Thank you, Mr. Glendinning. We will now begin the question-and-answer session. [Operator Instructions] And your first question will be from Ken Goldman of JPMorgan. Please go ahead.
Hi, good morning, everybody.
Tom I’m not going to congratulate you on the Celtics for the series over, so we have to wait on that. I just wanted to make sure I understood you right. I think last quarter you expected $200 million in higher freight costs and you said the majority of which is going to be recovered through pricing. I don’t think you mentioned the specific gap. Now you are talking about 250 in higher costs, you call that $155 million gap. I’m just trying to get a sense of what the gap was you were expecting last quarter and maybe where you are making this up in your P&L? Because it sounds like pricing, I’m just doing this quick math here is not going to be quite the offset you expected, but it sounds like your EPS guidance is being where it is, if your EPS guidance is being maintained. So I guess, I’m trying to figure out where the other offsets are? Or maybe I’m just not reading this, right?
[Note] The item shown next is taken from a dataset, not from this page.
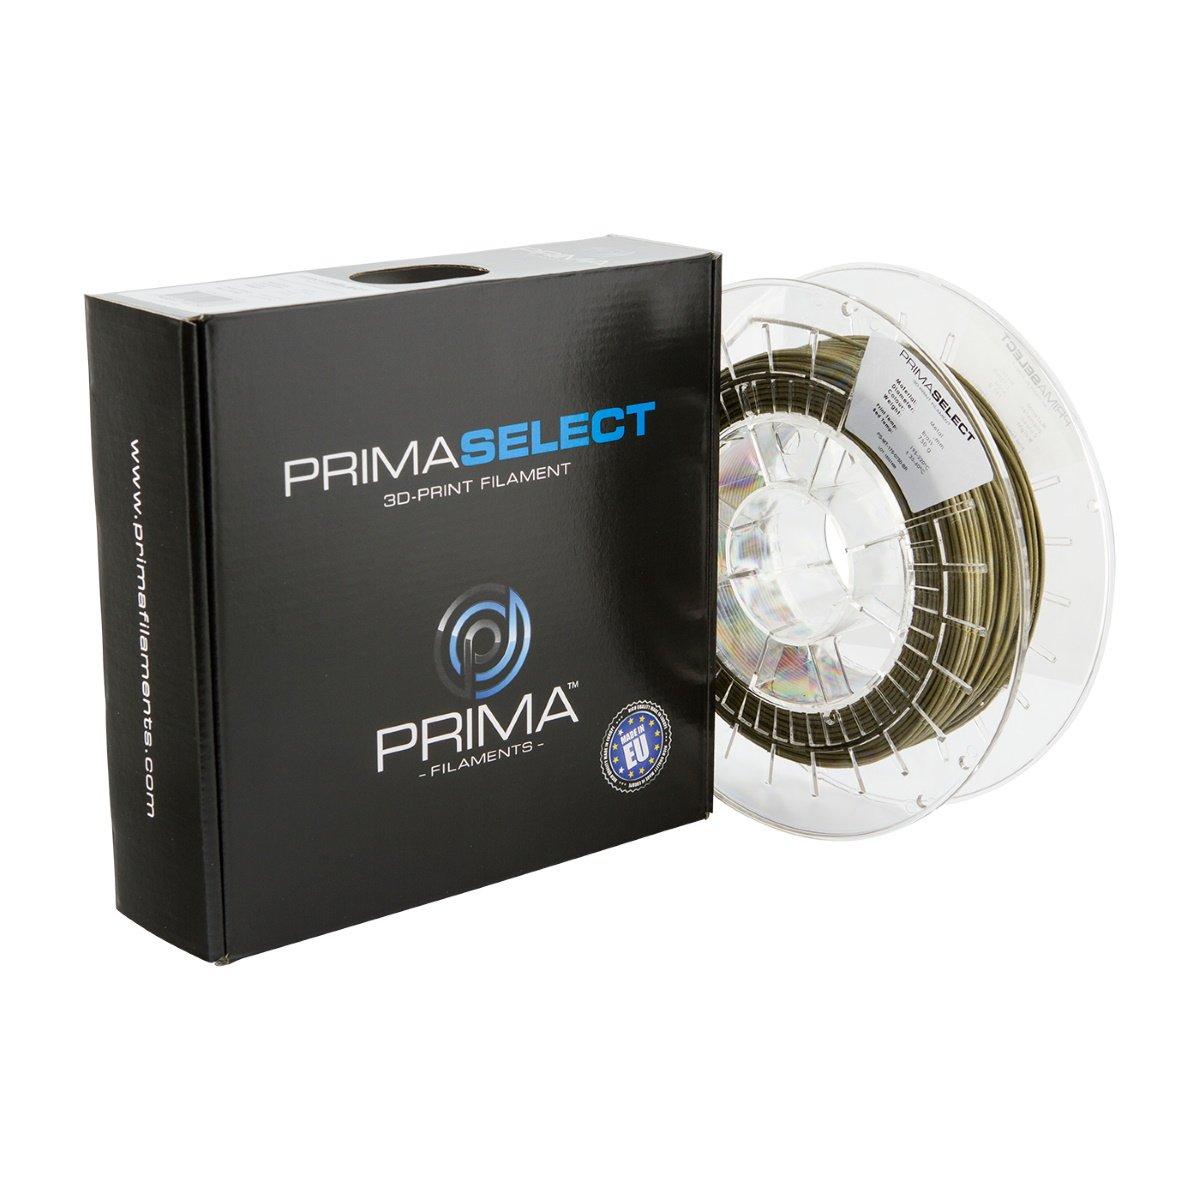 Image of PrimaSelect METAL - 1.75mm - 750 g - Brass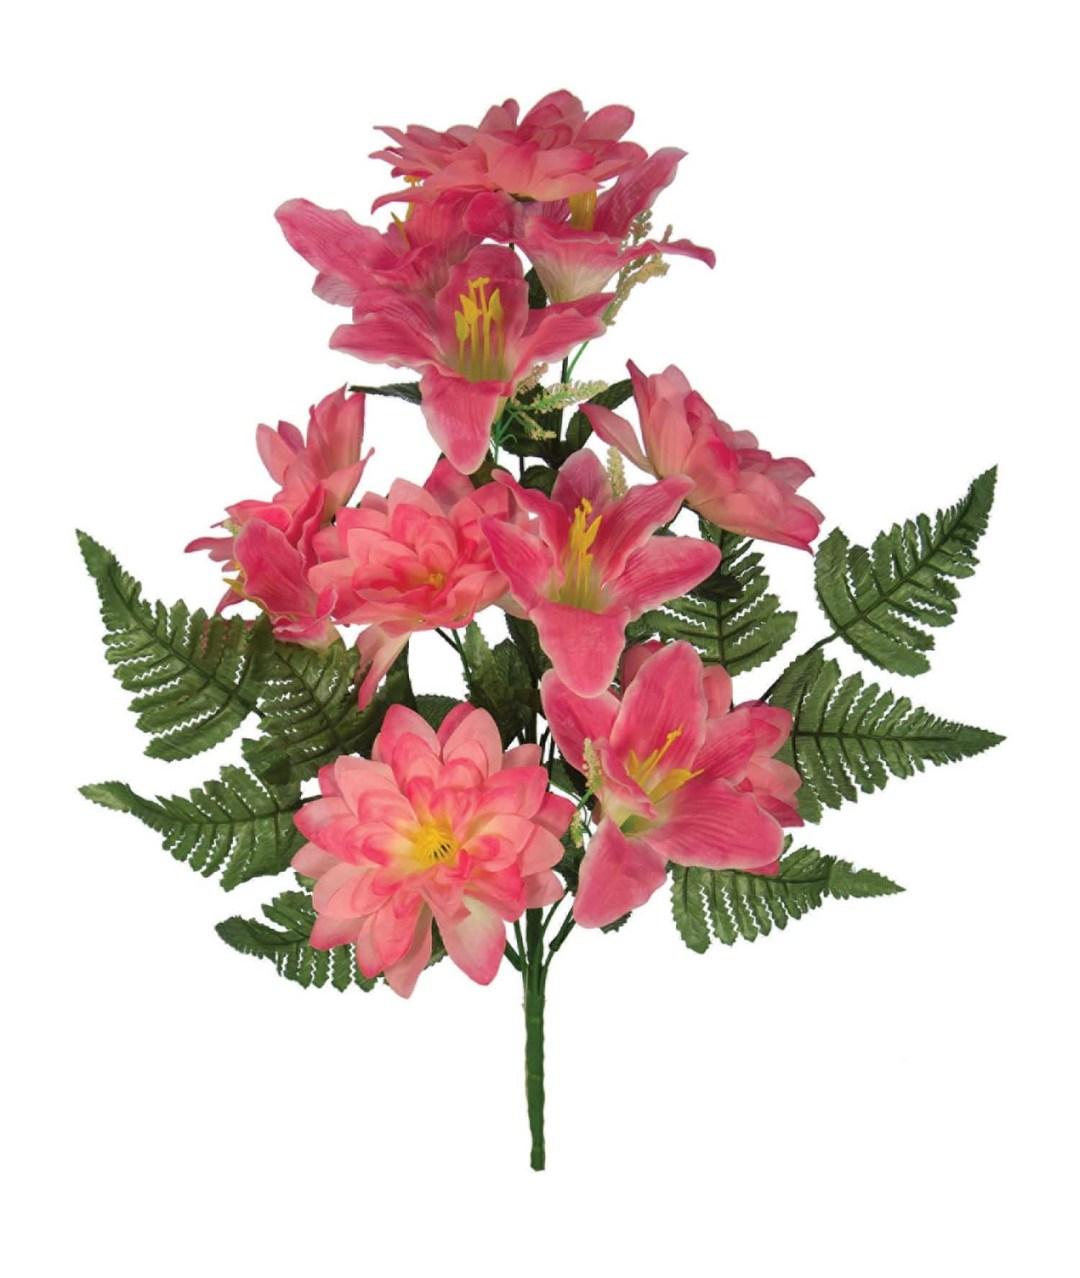 "SB3006PNK - 18"" One Sided Open Lily / Dahlia Mix x12 $3.95 each SB3006PNK"

No, I think you are right Ken. We said last quarter that it was going to be about $200 million and I have said in my prepared remarks, it’s up to 250 and so there is, you know what was it difficult situation as it relates to transportation as we saw it emerging, actually played out and then it got that worse. We knew it was going to be a drag in this quarter. I don’t know how much more clear, I could have been on that at CAGNY and even the Q1 call. And we said that for this quarter, about $0.14 in EPS. Nobody likes to take in the cost increases, and we go to answer your question about how we get it back, it’s through pricing. And our brand strength matters also how we partner with our customers is important and it really is something that we are focused on getting phenomenal through pricing, but then also we have to take costs out. As I mentioned again in my prepared remarks, truck weights and lead times and smoothing out the supply chain, there are other continuous improvement projects we are pursuing. So we are simultaneously pulling the lever of pricing as well as all the cost reduction levers. There is quite a bit of focus on this, as you can well imagine, inside the Company. Yes, we are maintaining our guidance. I do believe that we will be sort of on that low end of the range, given what we have seen, the cost coming on freight and that is all baked into the forecast, but it is causing us to stay closer to the lower end of the range. The other thing that I would like to just to make sure that everybody takes away is that Q4 will be much stronger than Q3. So as get a lot of these pricing moves in place as the projection very strong Q4, much stronger than Q4. And like I said maintaining that full-year projection, but certainly at the lower end of that.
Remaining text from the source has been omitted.